Receiving less attention is the how-widespread question: should the minimum wage be the same everywhere given how much costs of living vary? It isn’t an absurd question, and of course the minimum wage right now isn’t the same everywhere. While the federal wage has been stuck at 7.25 since 2009, that is the operative minimum wage in only 20 states (including Tennessee).
Some might see this a reason to leave the federal minimum wage alone: states are perfectly free to raise it within their borders to suit their individual economies, and a majority actually have (some through referendum, which alas is a nice thing we are not allowed to have in Tennessee). This argument might have a touch of merit if the federal wage actually drifted up with inflation, at least keeping pace with the cost of living.

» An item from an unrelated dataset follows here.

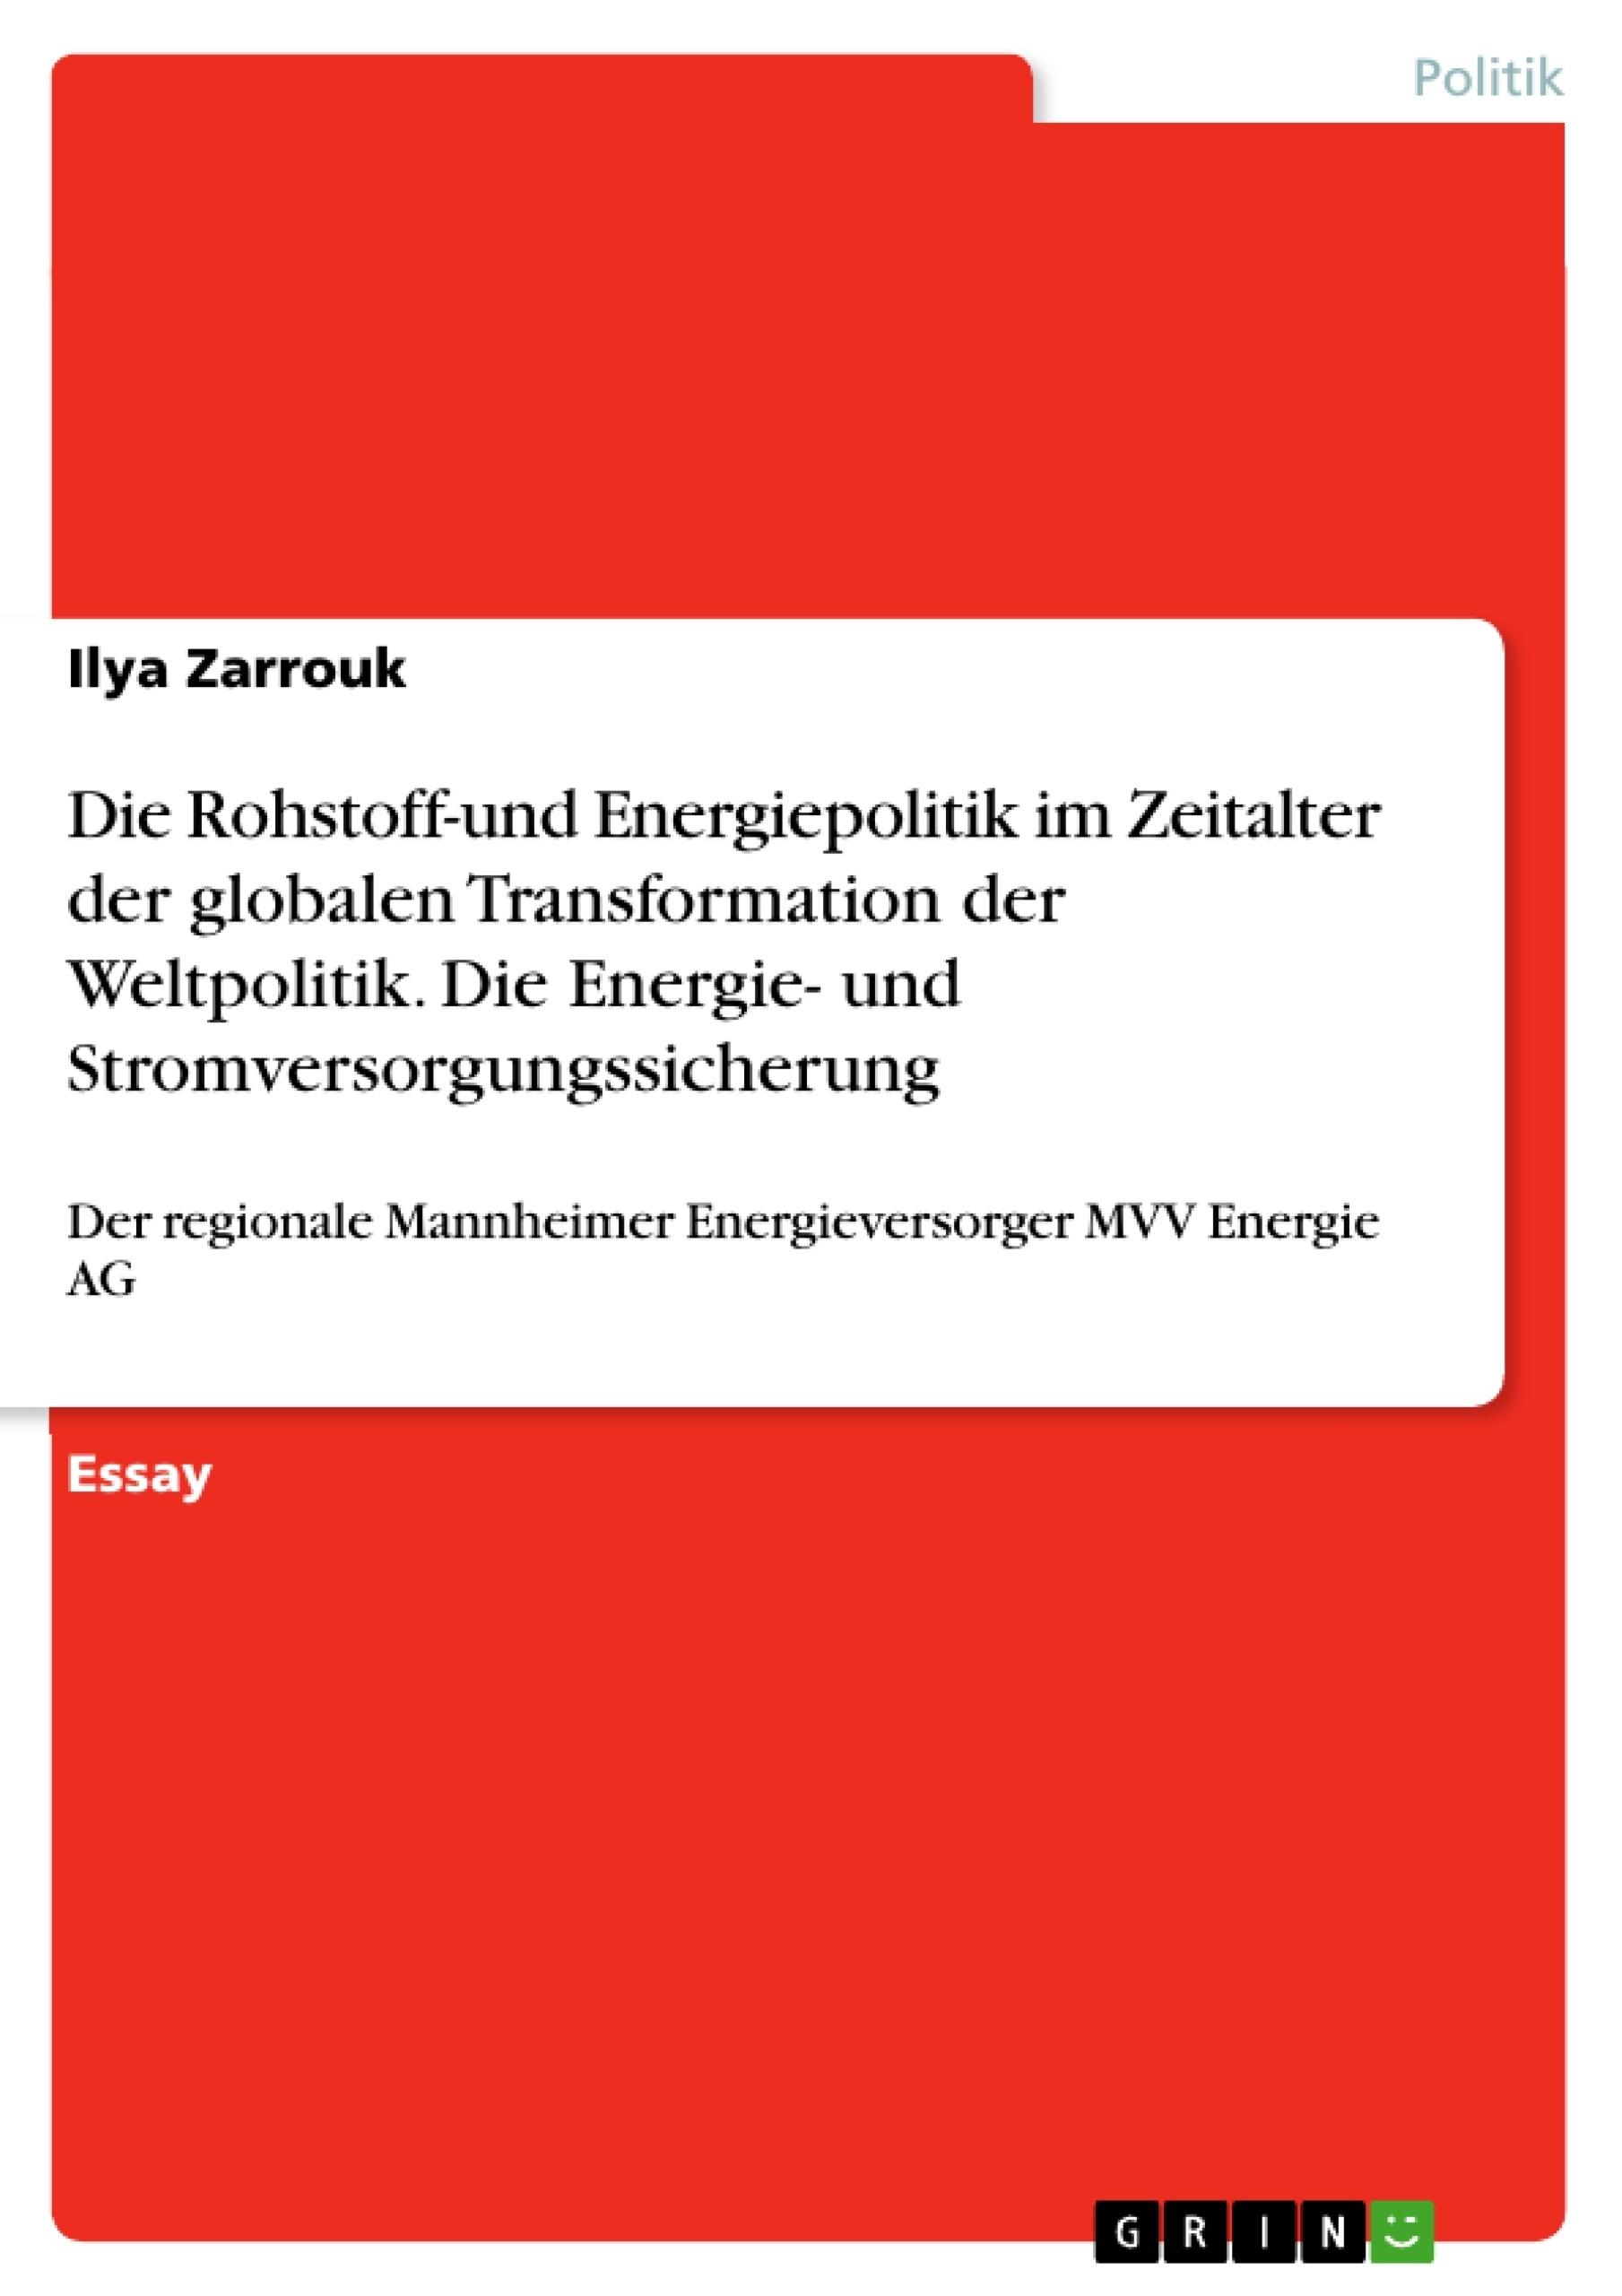 Titel: Die Rohstoff-und Energiepolitik im Zeitalter der globalen Transformation der Weltpolitik. Die Energie- und Stromversorgungssicherung

But as recently and presently configured, the minimum wage is not just a poverty wage, it is in real terms an eroding poverty wage. Its meager level and its ongoing erosion make two alarming statements about us as a society. First, we see the value of those among us who perform legitimate full-time work as not justifying a minimally dignified wage. And second, we see the value of that work, and the worth of these individuals, as appropriately declining: less this year than it was last year, and less last year than it was the year before. We say to minimum wage workers: you aren’t just worthless, you are also worth less.
And let’s dismiss for good the argument that if you raise the minimum wage some employers won’t be able to sustain payroll, costing us jobs. If your business model depends on paying poverty wages that are declining in real terms over time, you need to raise your prices, or cut some costs, or adjust your compensation elsewhere, or take fewer profits. If you can’t do that and still be sustainable, you have no business being in business.
Raising the federal minimum wage is utterly sensible and long overdue, and commands wide popular support. There aren’t many no-brainers to be found in our hyperpolarized political climate. This is one of them.